Writing about “national reconciliation,” in the words of Nouri al-Maliki, prime minister of the so-called “Iraqi Government,” is a waste of time because it started, collapsed and was buried with the other initiatives that aimed at prolonging the occupation.
The same applies to the meeting between a member of the “exiled opposition” and al-Maliki, which ended with the latter making a press statement and setting up further meetings with broader aims. Let us see this in view of the fact that the Iraqis have had their fare share of disasters that befell them as a consequence of meetings between the “exiled opposition” and al-Maliki’s men, in the period preceding the Iraq war of 2003, starting from [Ahmad] al-Chalabi and [Kenan] Makiya and ending with [Abdul Aziz] al-Hakim and Hamid Majid Moussa. What is happening presently barely differs, in essence, from which preceded, except that it is quick propaganda, whose seller knows it is a cheap and whose effectivity won’t last long.
Therefore, writings about the details of this “national reconciliation” are phoney and interest in the “what,” “who” and “how” of the project are not only pointless but mindless, particularly amidst the politics of suppressing the real happenings on the Iraqi streets: from the occupation’s odious crimes, oppression and intensifying corruption (most important of all is that these represent a systematic hushing up of the Iraqi people’s patriotic resistance) to the deceptive media portrayal of the people’s priorities as boiling down to the participation or not of so-and-so or another in the political process. In all this disingenuous political wrangling and rhetoric on the freedom of expression, democracy, the truth and accountability of those who perpetrated crimes are lost, as is the accountability for the death of a million, the flight of millions, the violation of many women’s honour, and the destruction and pillaging of the country. All the while, the occupation’s government and its sectarian politics continue.

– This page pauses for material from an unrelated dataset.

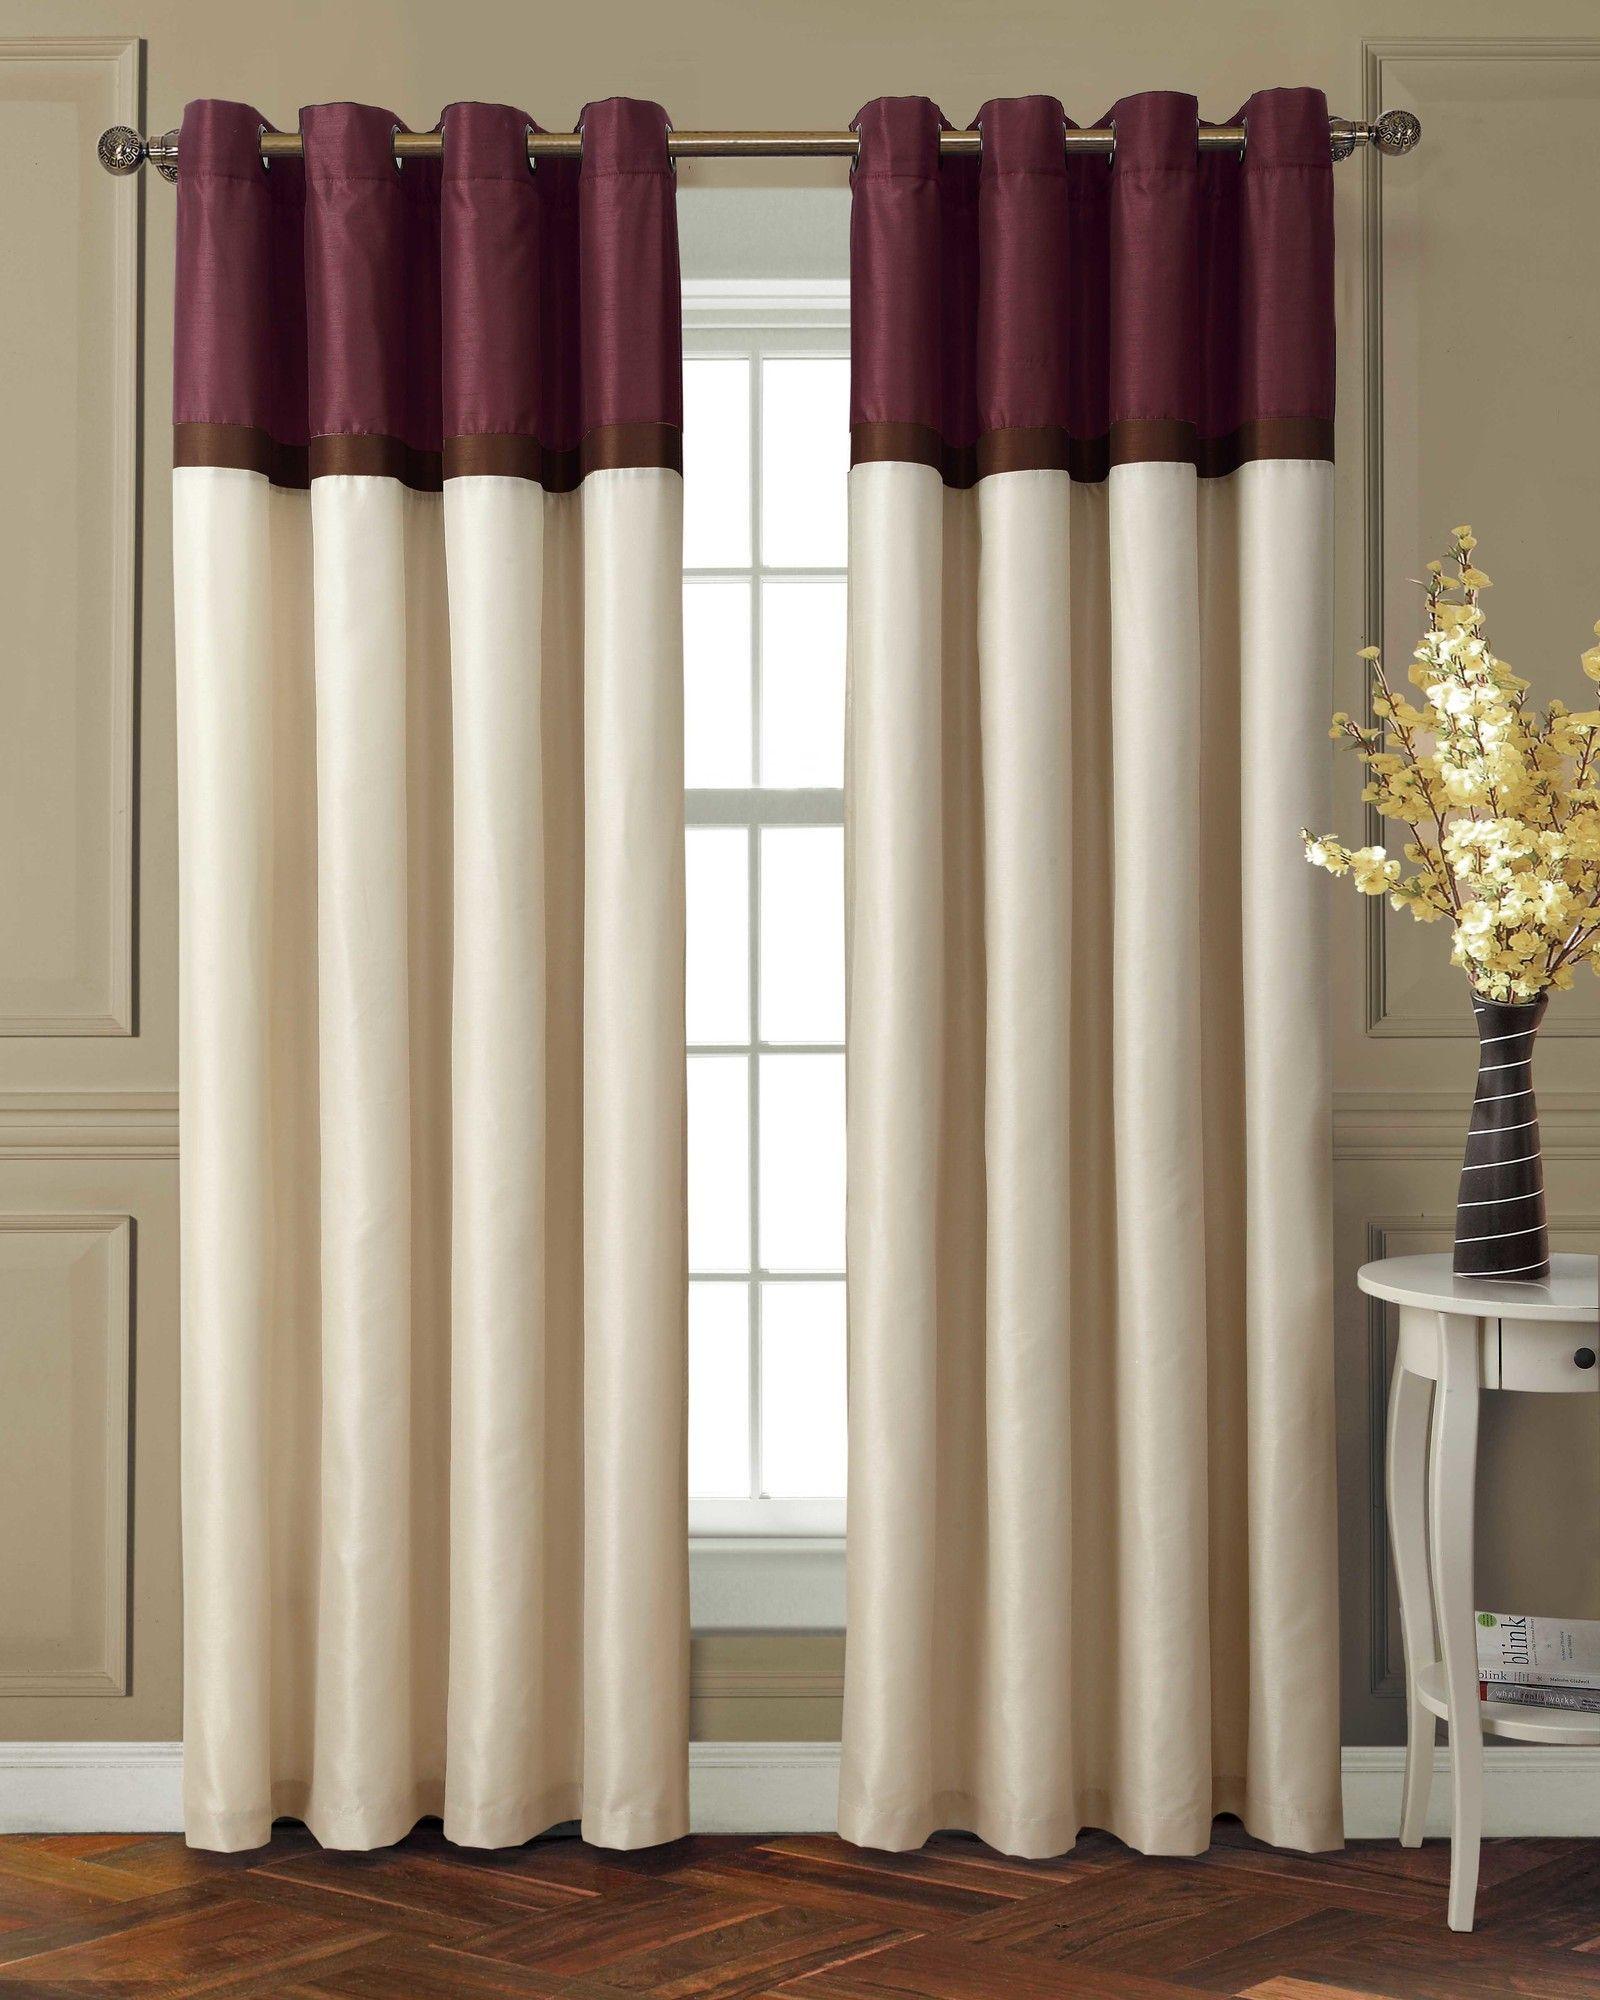 Garden window coverings  laura grommet single curtain panel  products  pinterest  grommet

Most of the Iraqi and Arabic press, in varying degrees, contribute to manufacturing deceit in favour of the occupier and against the Iraqi resistance. It is, thus, incumbent on us to recognise that we face an enemy which has learnt how to serve [media] offerings covered in spices. With the help of a conniving sections of the media, which has its own interests or is just ensuring its survival, words relating to the occupation, the occupying army, its crimes, and the long-holding Status of Forces Agreement [SOFA], have been wiped clear of its lexicon, such that the above terms become the clean and sterile “multi-national forces” and “withdrawal agreement,” respectively. The word “resistance” and mention of resistance operations against the occupation army has become blasphemy, as if by decree from American imperialism which, at the same time, encourages every politician, broadcaster and writer to talk in favour of accepting the status quo; in other words, accepting the occupation by doubting the ability of the resistance to oppose it.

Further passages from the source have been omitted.